Epsilon machine (and MSP) construction is most likely computationally intractable [I don’t know an exact statement of such a result in the literature but I suspect it is true] for realistic scenarios.
Scaling an approximate version of epsilon reconstruction seems therefore of prime importance. Real world architectures and data has highly specific structure & symmetry that makes it different from completely generic HMMs. This must most likely be exploited.
The calculi of emergence paper has inspired many people but has not been developed much. Many of the details are somewhat obscure, vague. I also believe that most likely completely different methods are needed to push the program further. Computational Mechanics’ is primarily a theory of hidden markov models—it doesn’t have the tools to easily describe behaviour higher up the Chomsky hierarchy. I suspect more powerful and sophisticated algebraic, logical and categorical thinking will be needed here. I caveat this by saying that Paul Riechers has pointed out that actually one can understand all these gadgets up the Chomsky hierarchy as infinite HMMs which may be analyzed usefully just as finite HMMs.
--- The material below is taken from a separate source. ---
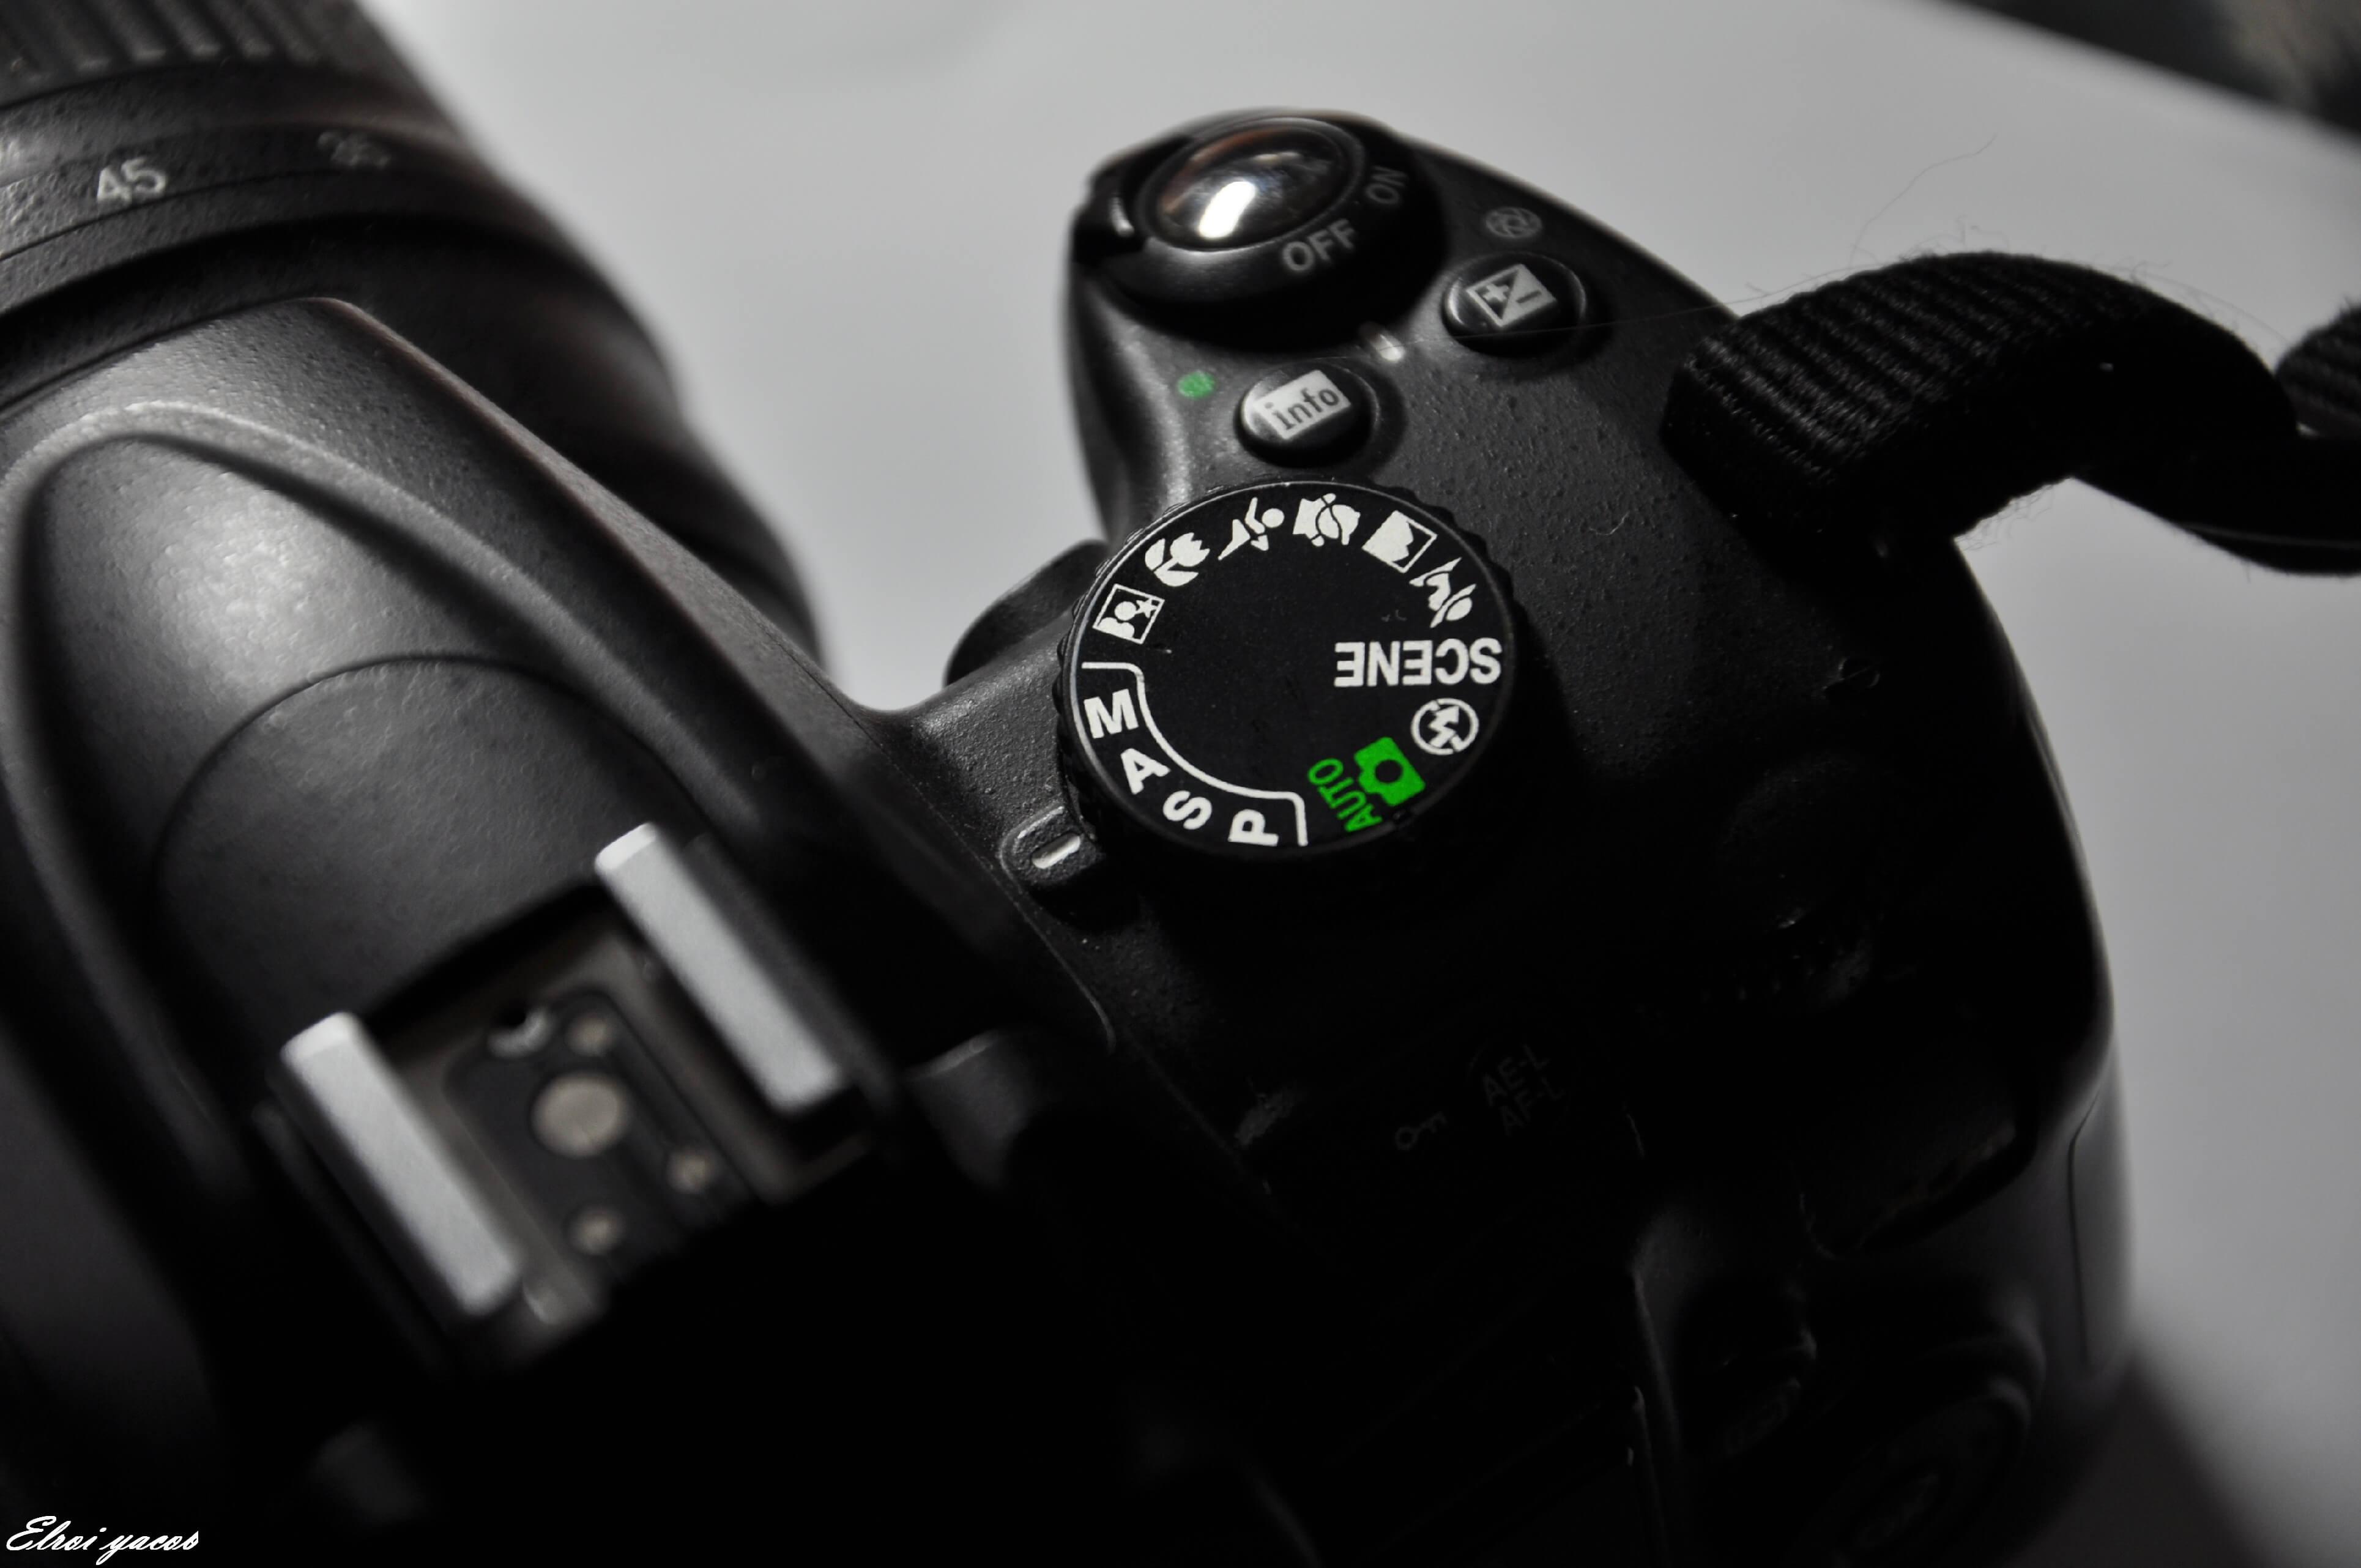 מצב צילום A במצלמה .

The still-underdeveloped theory of epsilon transducers I regard as the most promising lens on agent foundations. This is uncharcted territory; I suspect the largest impact of computational mechanics will come from this direction.
Your point on True Names is well-taken. More basic examples than gauge information, synchronization order are the triple of quantites entropy rate h, excess entropy E and Crutchfield’s statistical/forecasting complexity C. These are the most important quantities to understand for any stochastic process (such as the structure of language and LLMs!)